┌──
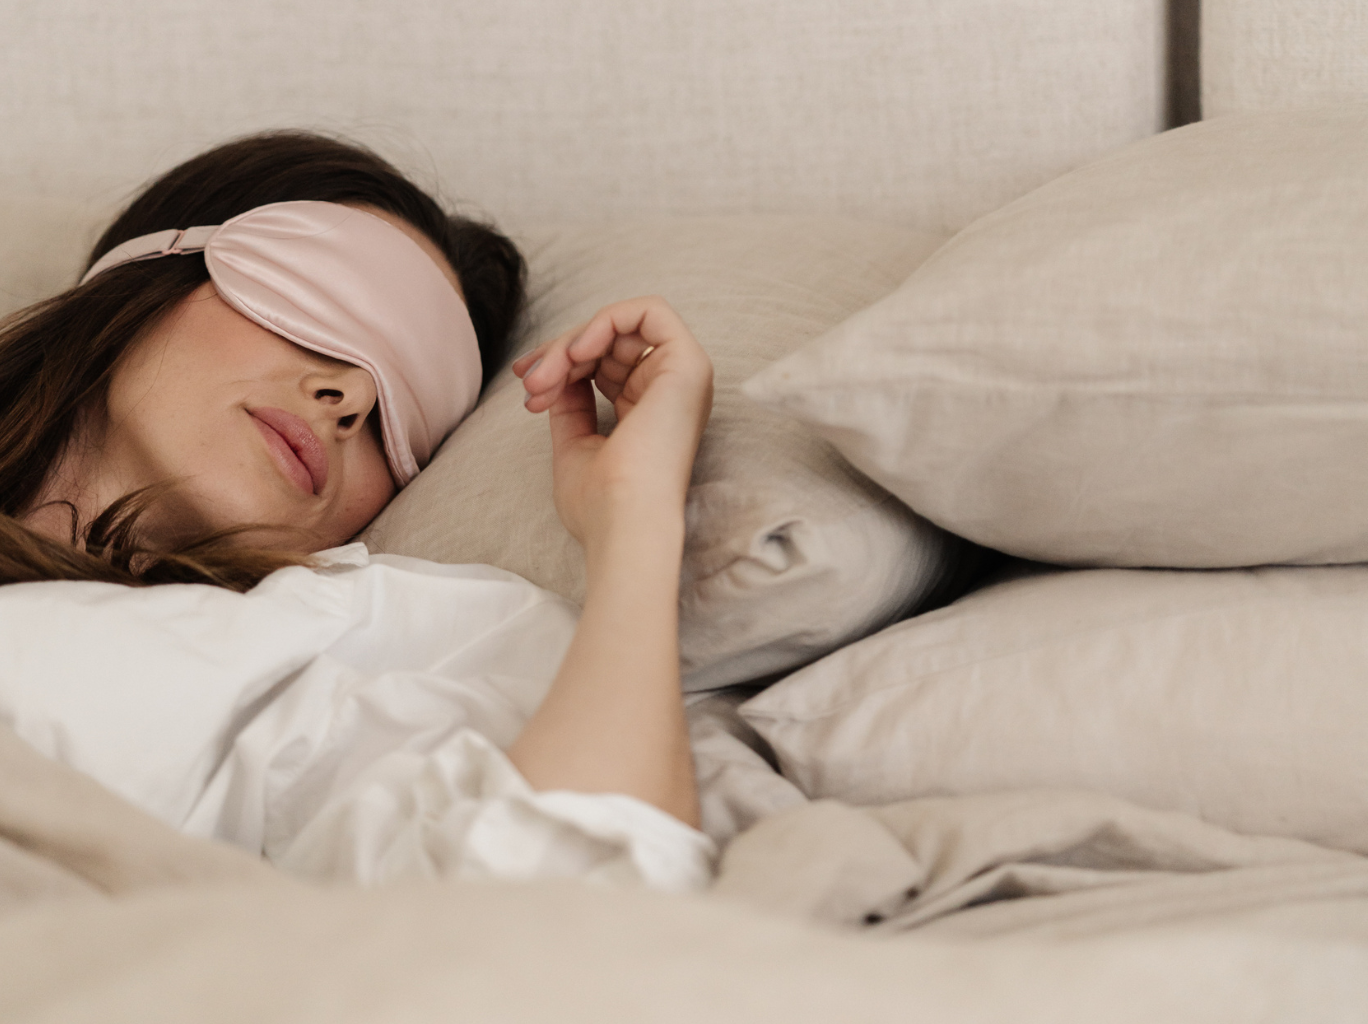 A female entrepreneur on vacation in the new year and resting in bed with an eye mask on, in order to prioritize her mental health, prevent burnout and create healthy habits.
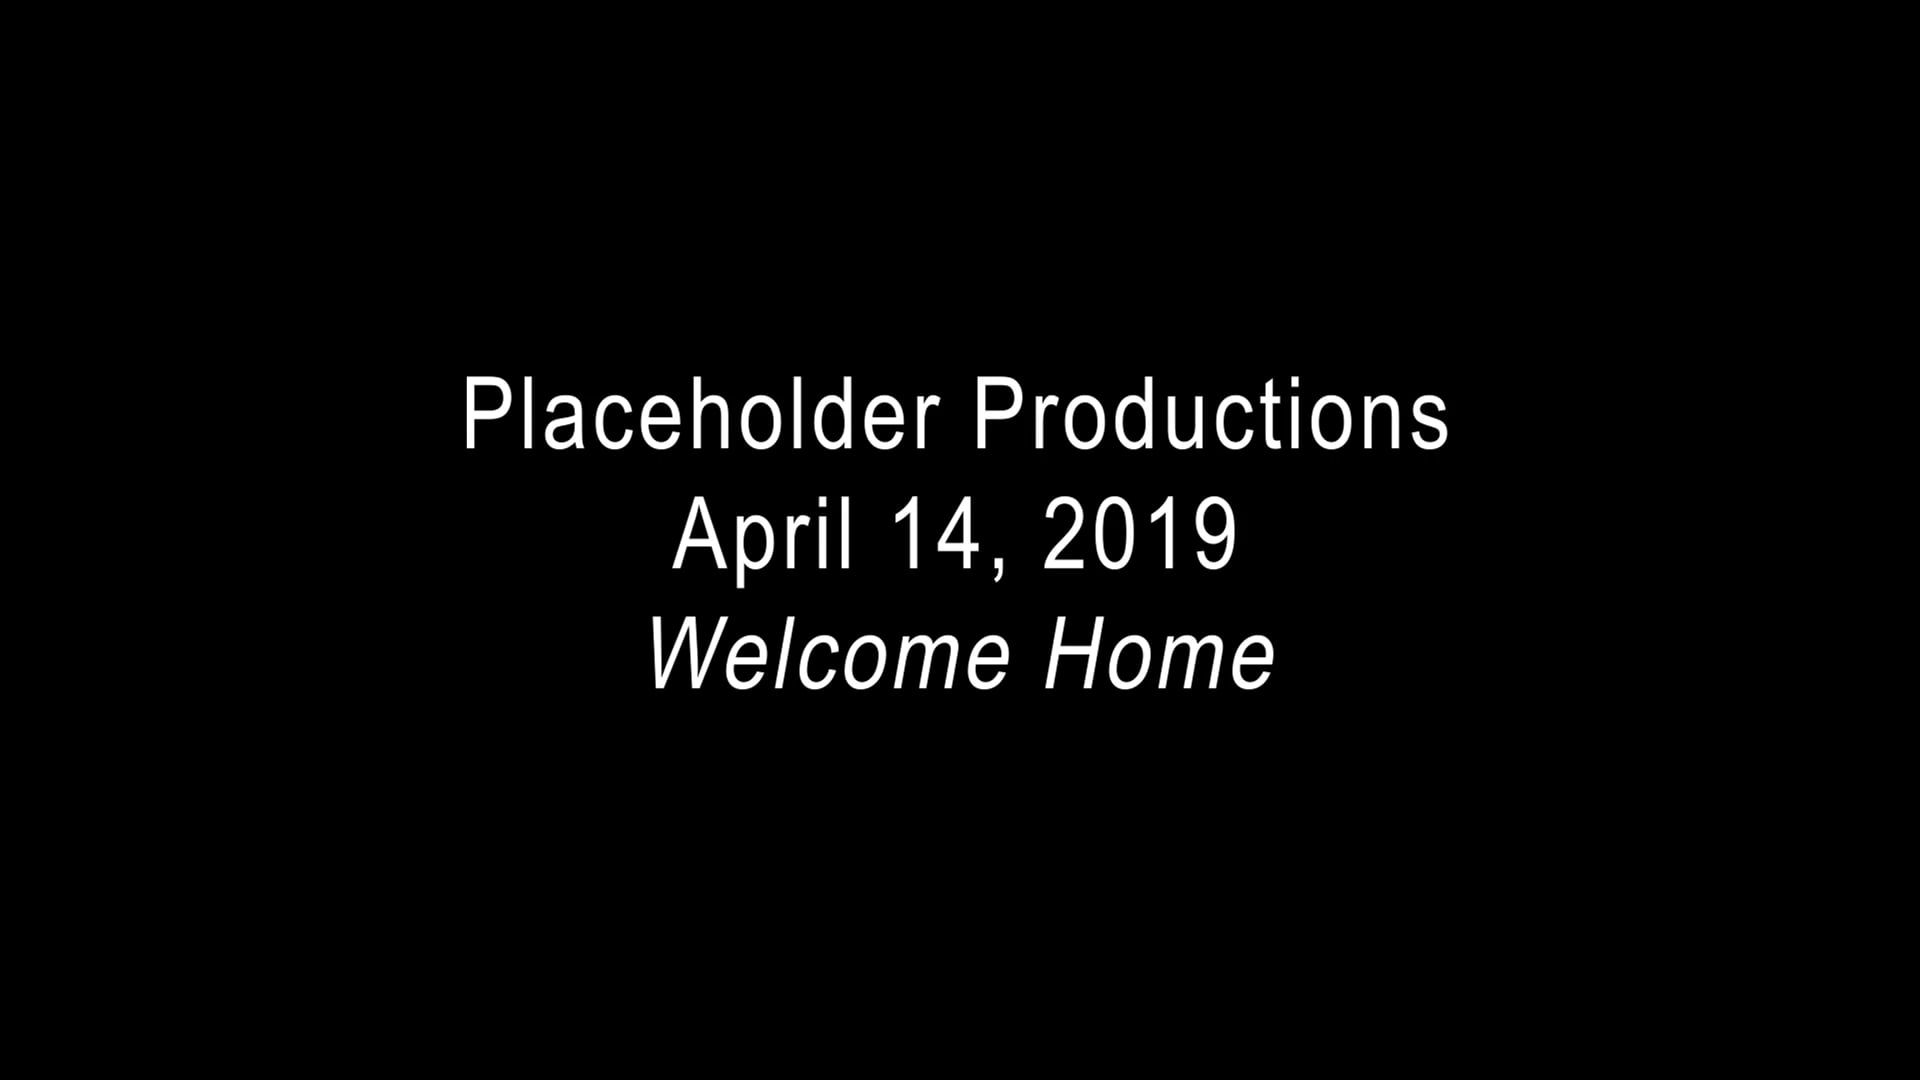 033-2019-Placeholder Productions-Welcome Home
└──
┌──
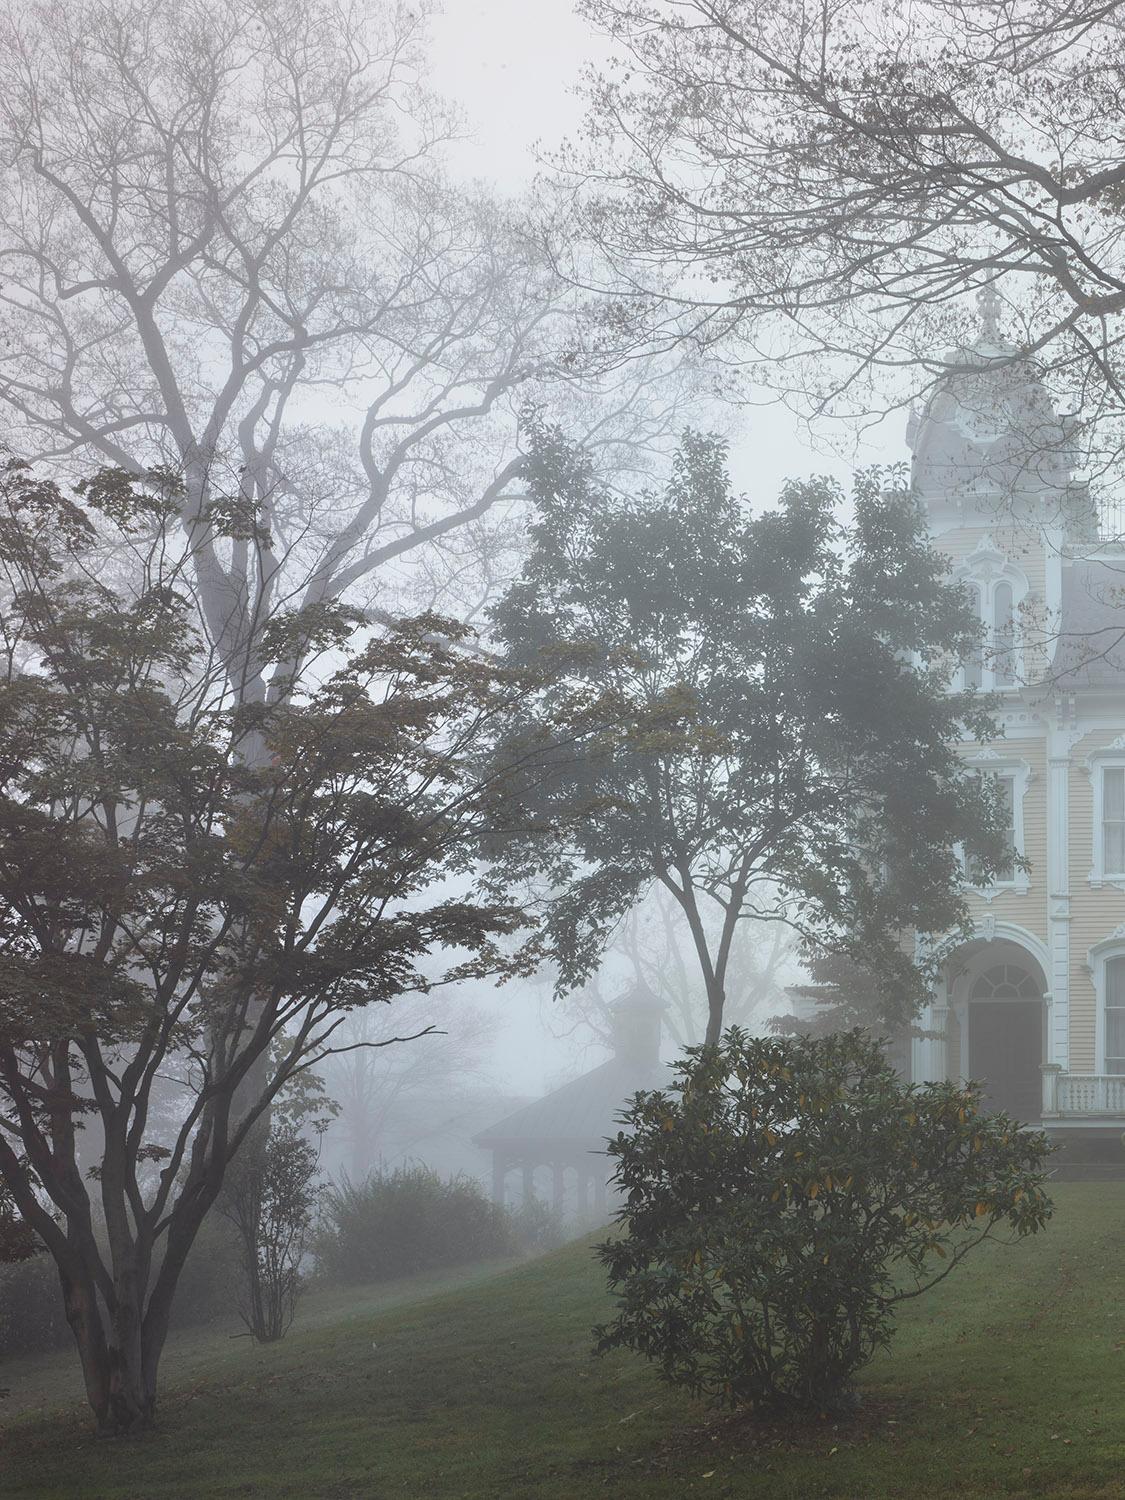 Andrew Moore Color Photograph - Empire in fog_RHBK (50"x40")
└──
▸ Exercise
Starting at the line above that has "A female entrepreneur" and ending at the line that has "033-2019-Placeholder Productions-Welcome Home", copy each line exactly, leaving the pictures out and adding nothing.

▸ Answer box
 A female entrepreneur on vacation in the new year and resting in bed with an eye mask on, in order to prioritize her mental health, prevent burnout and create healthy habits.
 033-2019-Placeholder Productions-Welcome Home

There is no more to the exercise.